A California judge has dismissed Rose McGowan's lawsuit against Harvey Weinstein after she missed a court-imposed deadline to file paperwork supporting her case.

McGowan, who starred in the television show "Charmed" and movies like "Scream" and "Jawbreaker," was one of the first women to come forward to accuse Weinstein, now a convicted rapist, of sexual assault.

Her case, which was filed under the Racketeer Influenced and Corrupt Organizations Act (RICO) in October 2019, had accused Weinstein and former attorneys of having engaged in racketeering to try to silence her from speaking out about her allegation.

On Monday, Judge Otis Wright, who presides over the District Court for the Central District of California in Los Angeles, said McGowan had been given until Dec. 2 to file further documents to support her case.

In a court document, Wright said McGowan had missed that deadline, making her "unable to sufficiently plead" her case.
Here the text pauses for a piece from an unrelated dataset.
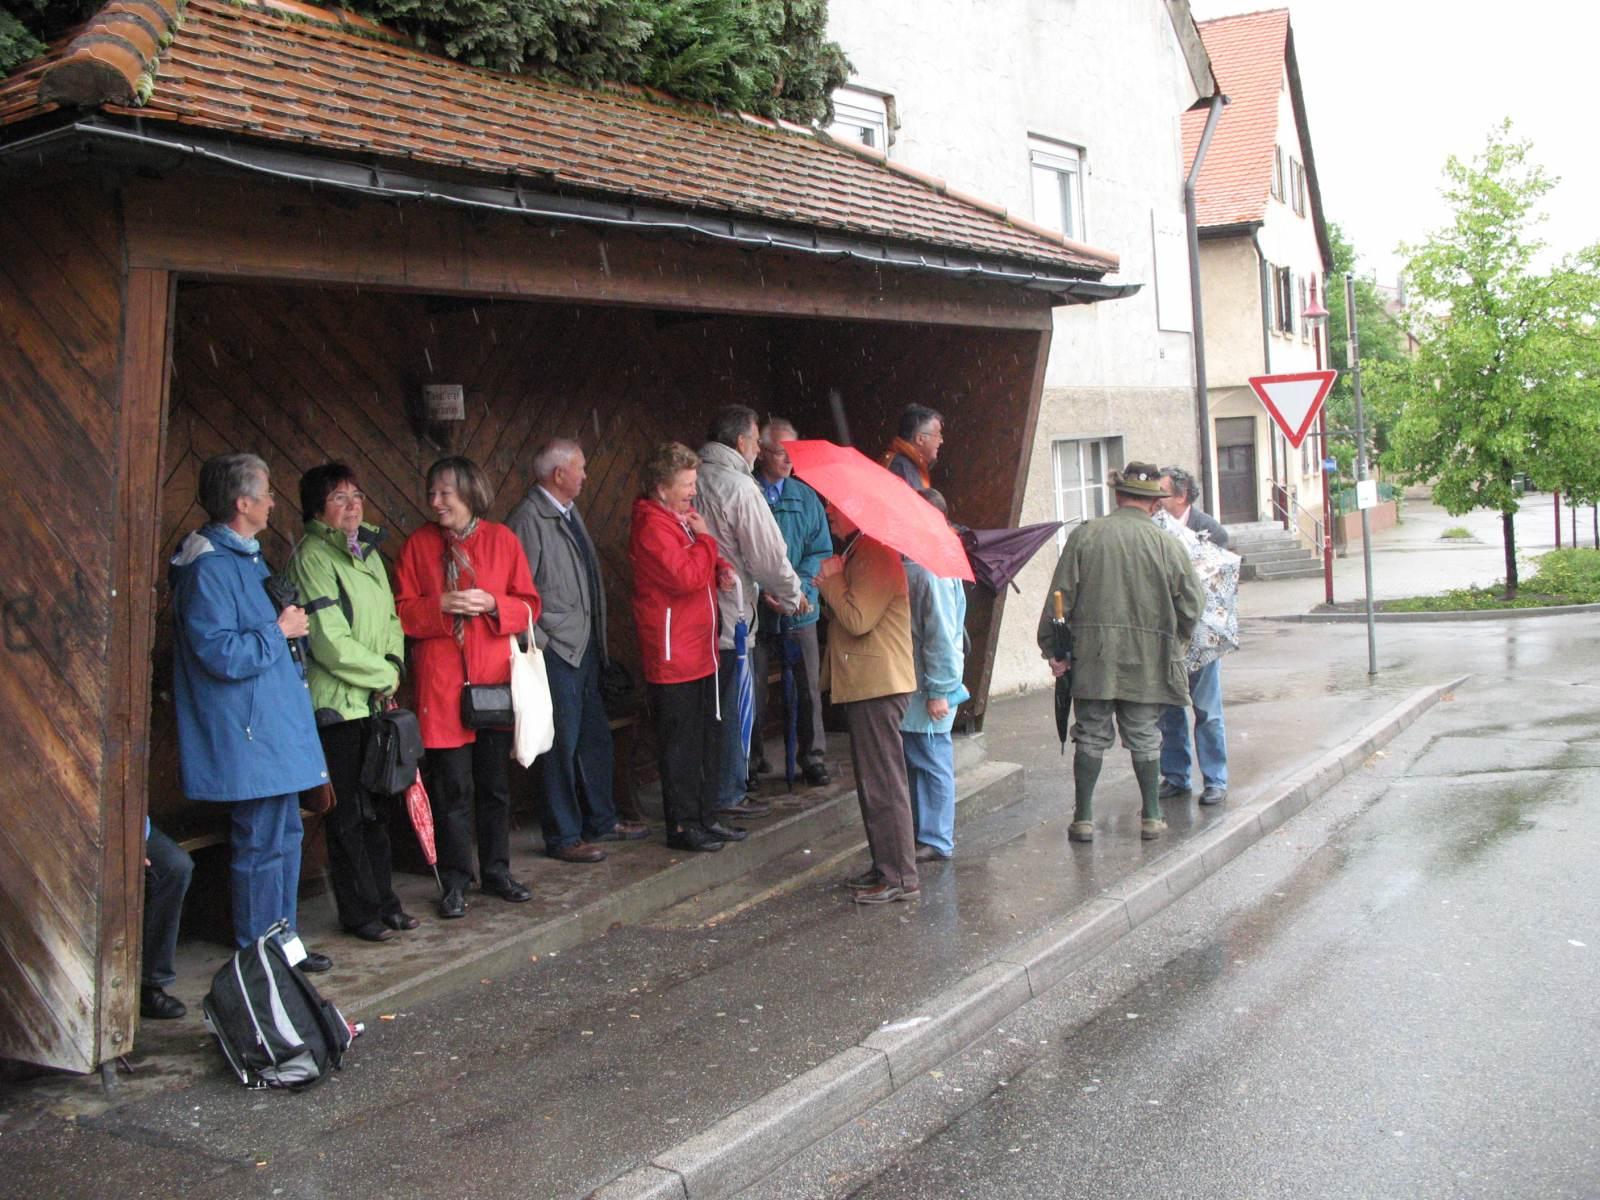 2007_05_09-Stuttgart-Warten-auf-den-Bus

Her claims were dismissed "with prejudice," which means they cannot be brought again.

So far, McGowan, 48, does not appear to have spoken out about the development in her case. She terminated her relationship with her attorneys on Nov. 23 during a Zoom meeting, attorney Julie B. Porter said.

A spokesperson for Weinstein welcomed the news in a statement to NBC News.
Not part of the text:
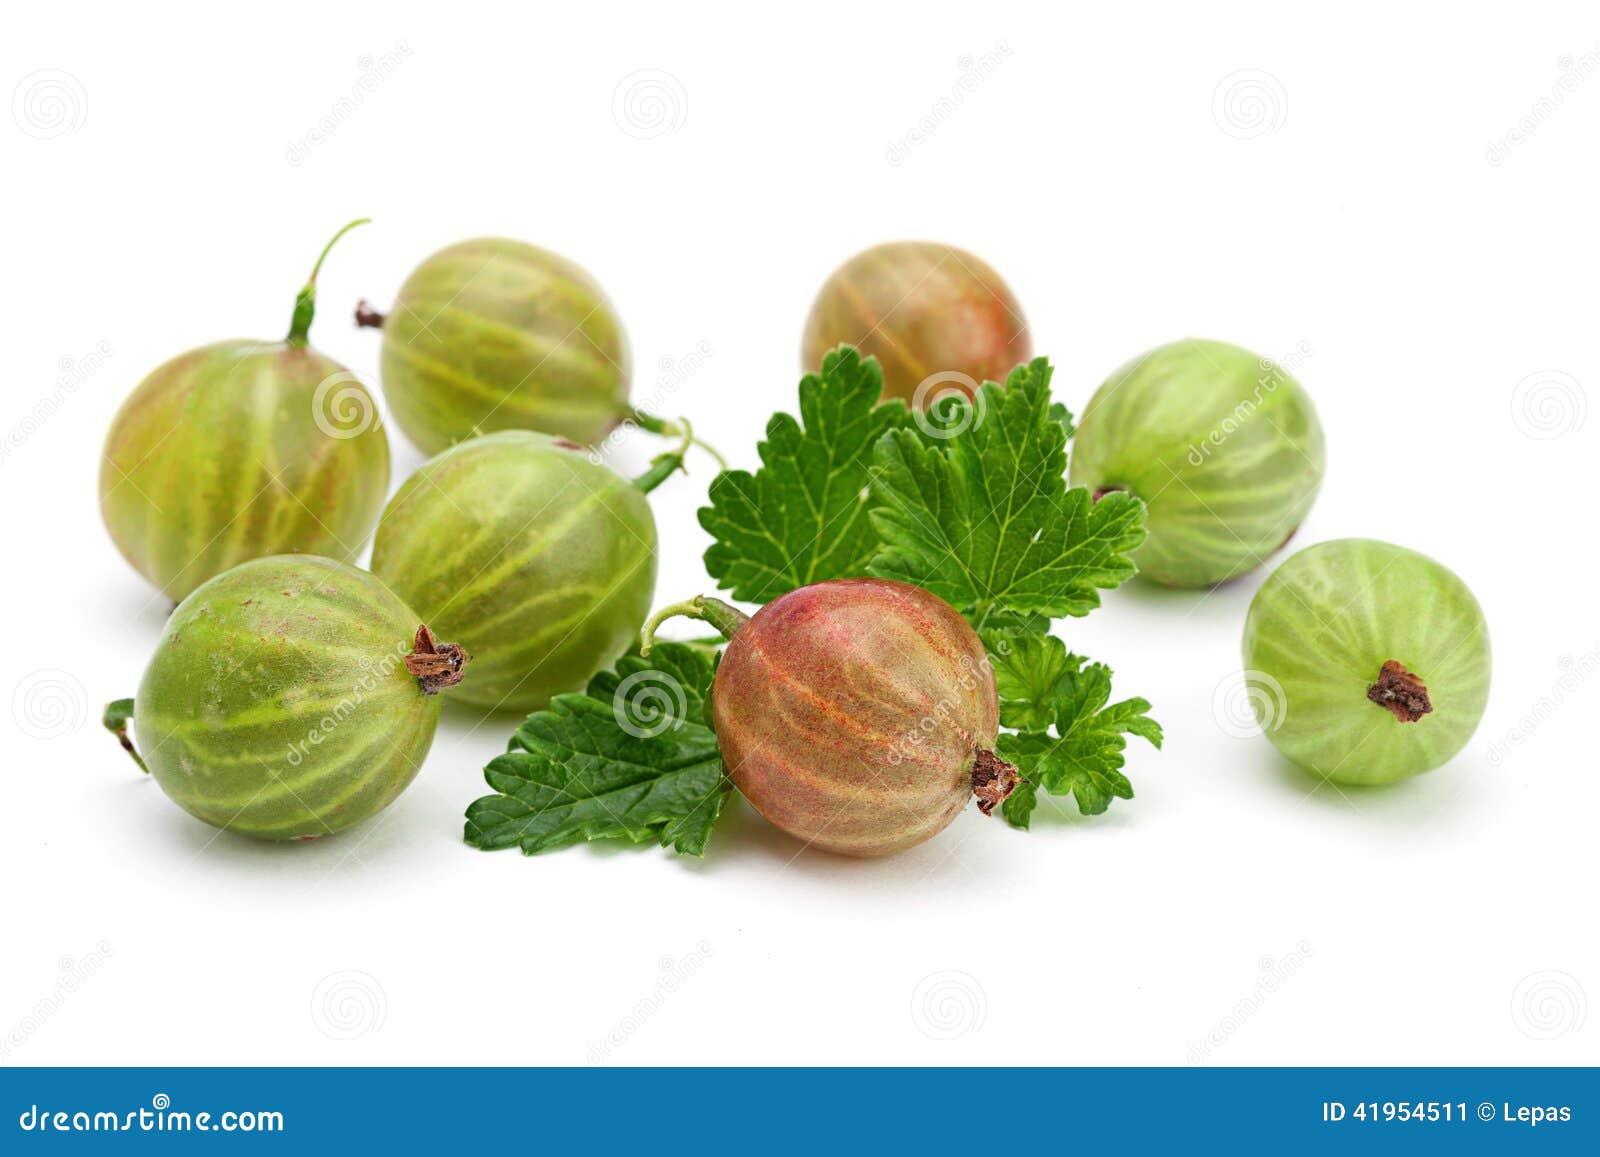 Zielony agrest z liściem

"Out of the public glare, with proper time, legal work, evidence and facts, this is the way we believe they ultimately will all go," the spokesperson said. "A chapter is put behind as Mr. Weinstein keeps going forward to demonstrate the truth."

McGowan's lawsuit had alleged that Weinstein and his former attorneys had conspired to smear, defraud and marginalize her as she prepared to come forward with a rape allegation against Weinstein.

McGowan had been named in a report in The New York Times that said in 1997 she had reached a previously undisclosed settlement with Weinstein "after an episode in a hotel room at the Sundance Film Festival."

A legal document reviewed by The Times said the $100,000 settlement was "not to be construed as an admission" by Weinstein, but had been intended to avoid litigation and "buy peace."

The former film mogul has previously issued blanket denials of having nonconsensual sex with anyone.

McGowan had been tweeting in 2017 that she was preparing to name her alleged rapist in a memoir, "Brave," which was published the following year.

The lawsuit alleges that the defendants used spies posing as journalists and women's rights advocates to obtain a copy of the memoir and sought to smear her to others in the entertainment industry.

McGowan's case had been partially dismissed in December 2020, but she was allowed to file an amended complaint. The partial dismissal was due to the passing of a statute of limitations and the judge ruling that the alleged plot to obtain a copy of her book did not constitute racketeering activity.

Weinstein continues to serve time in a prison in Los Angeles after being sentenced to 23 years behind bars on a rape conviction in March 2020.

The disgraced film producer also faces trial for additional sexual assault allegations. He pleaded not guilty in September to 11 counts of rape and sexual assault stemming from allegations from five women.